<<<<
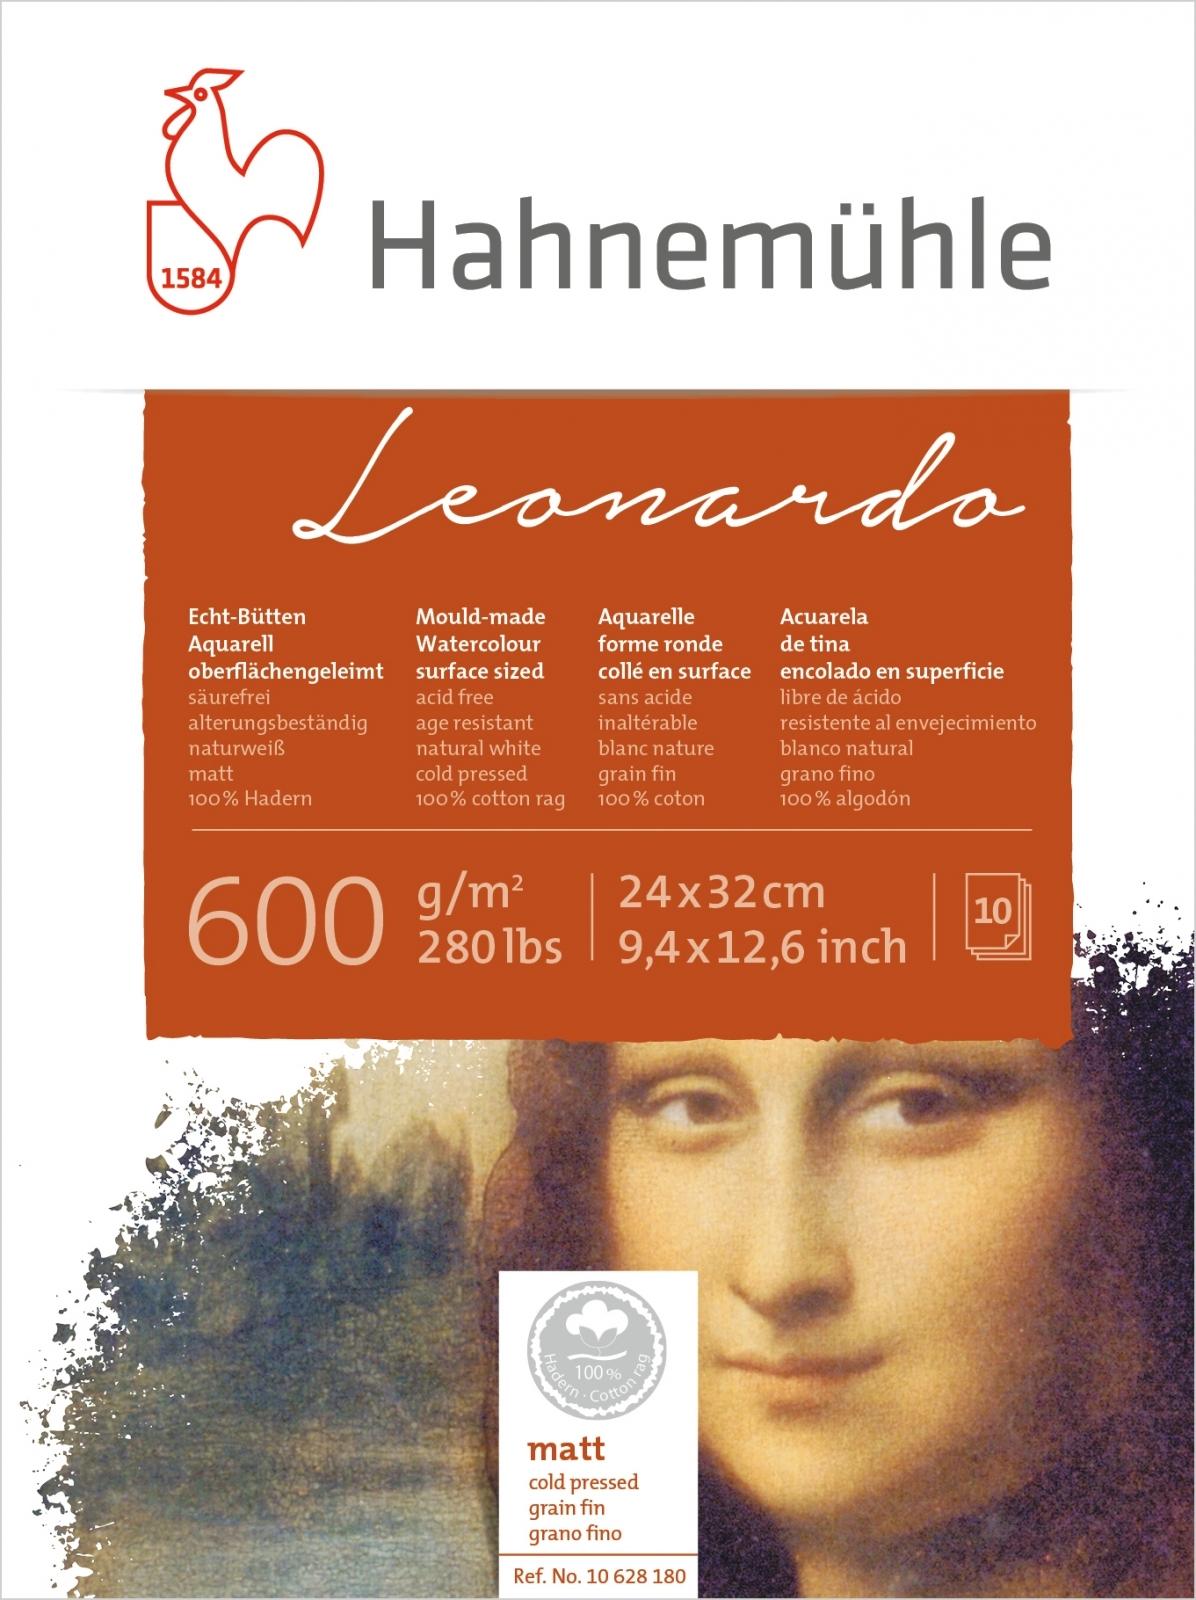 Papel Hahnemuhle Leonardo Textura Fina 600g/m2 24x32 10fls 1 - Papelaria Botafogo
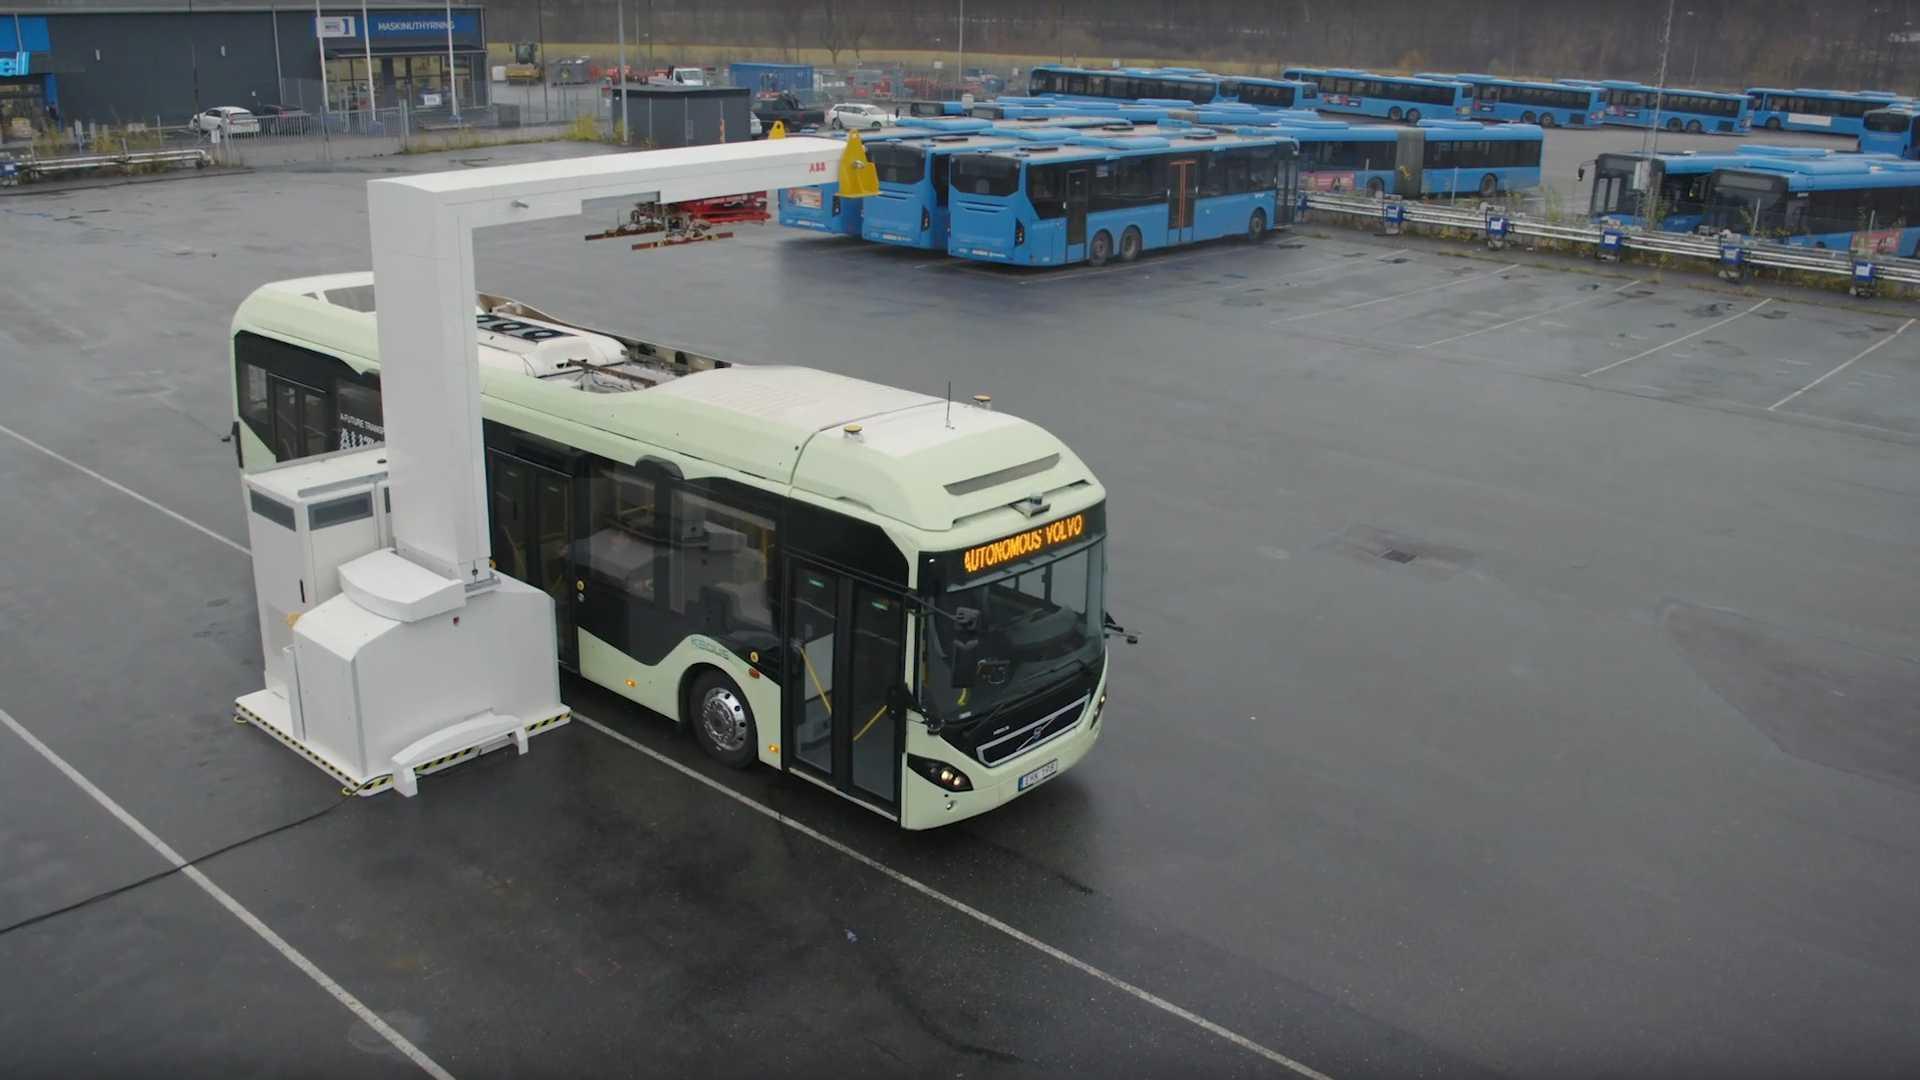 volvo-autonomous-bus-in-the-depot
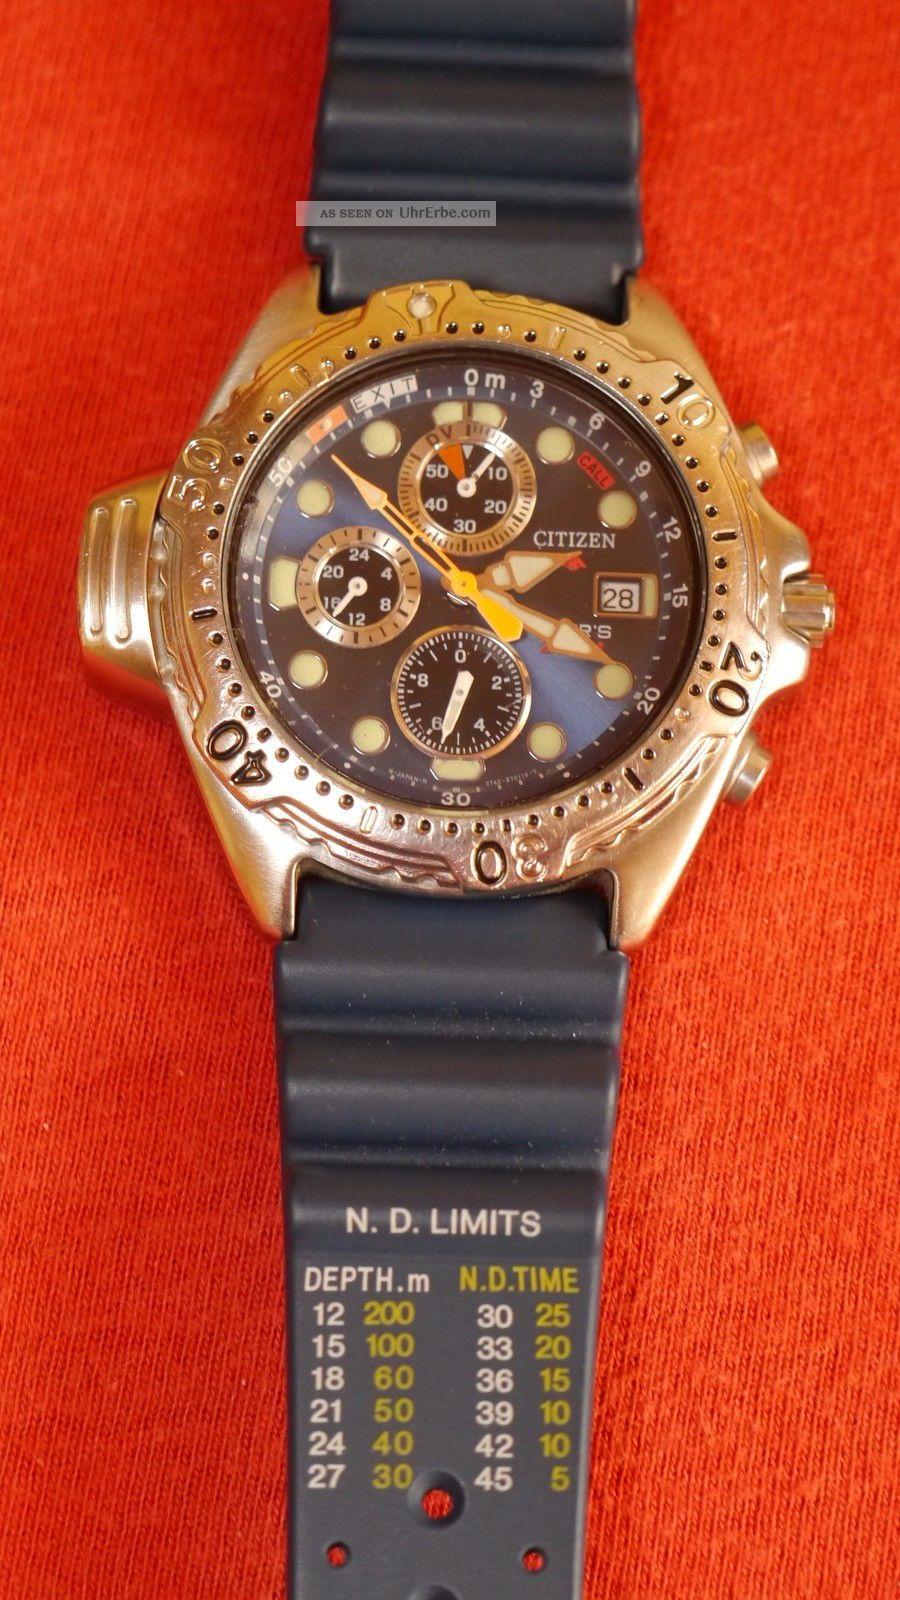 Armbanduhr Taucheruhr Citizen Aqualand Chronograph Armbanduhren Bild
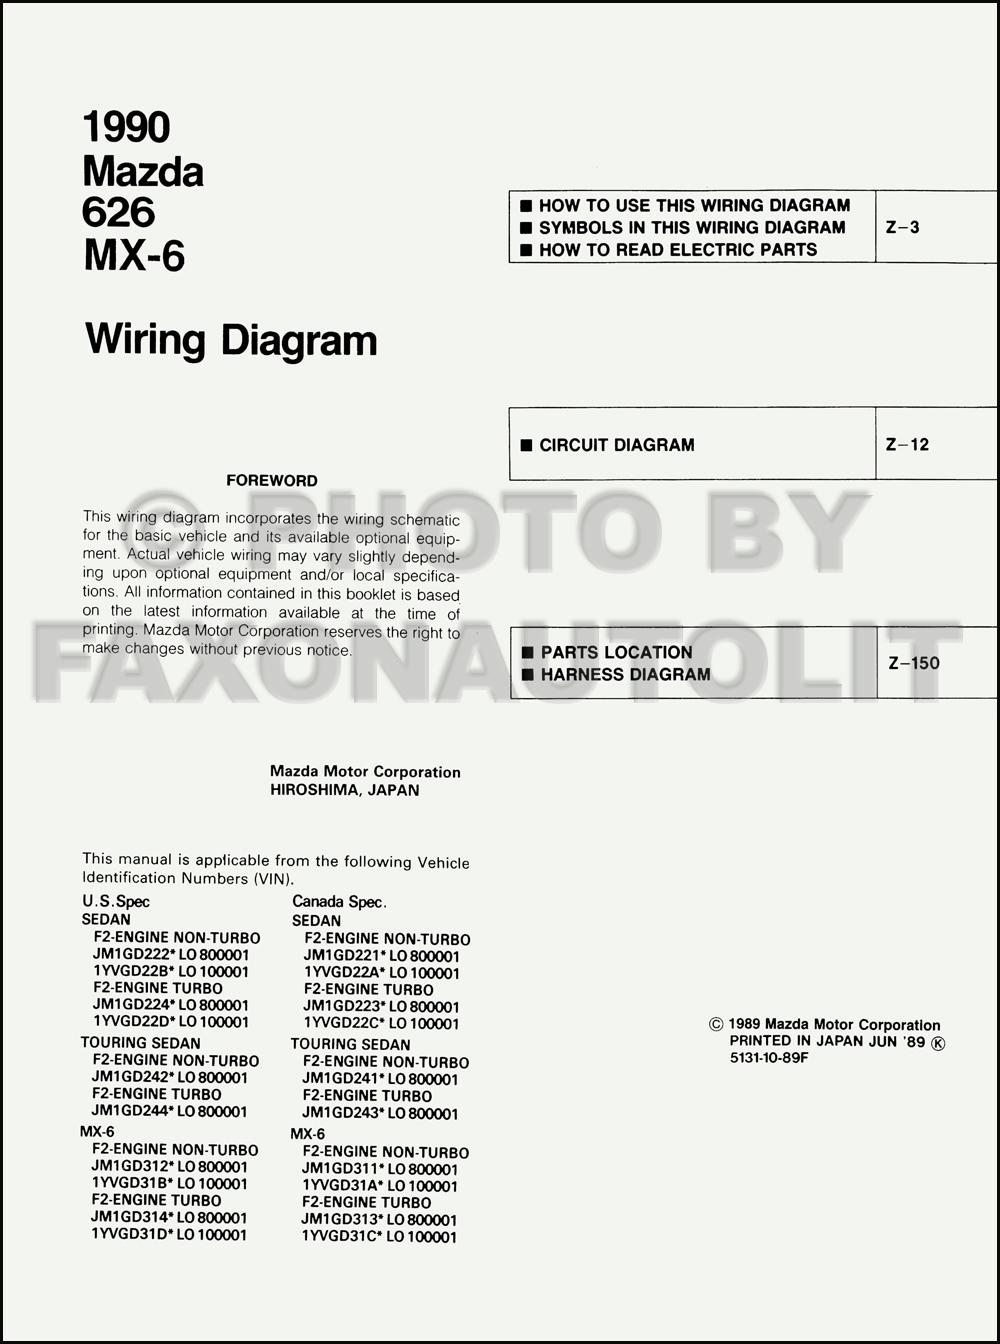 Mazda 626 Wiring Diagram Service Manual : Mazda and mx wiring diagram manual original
>>>>
= YOUR GOAL =
The data is to be restated word for word, with any pictures set aside.

= ANSWER TO THE PROBLEM =
 Papel Hahnemuhle Leonardo Textura Fina 600g/m2 24x32 10fls 1 - Papelaria Botafogo
 volvo-autonomous-bus-in-the-depot
 Armbanduhr Taucheruhr Citizen Aqualand Chronograph Armbanduhren Bild
 Mazda 626 Wiring Diagram Service Manual : Mazda and mx wiring diagram manual original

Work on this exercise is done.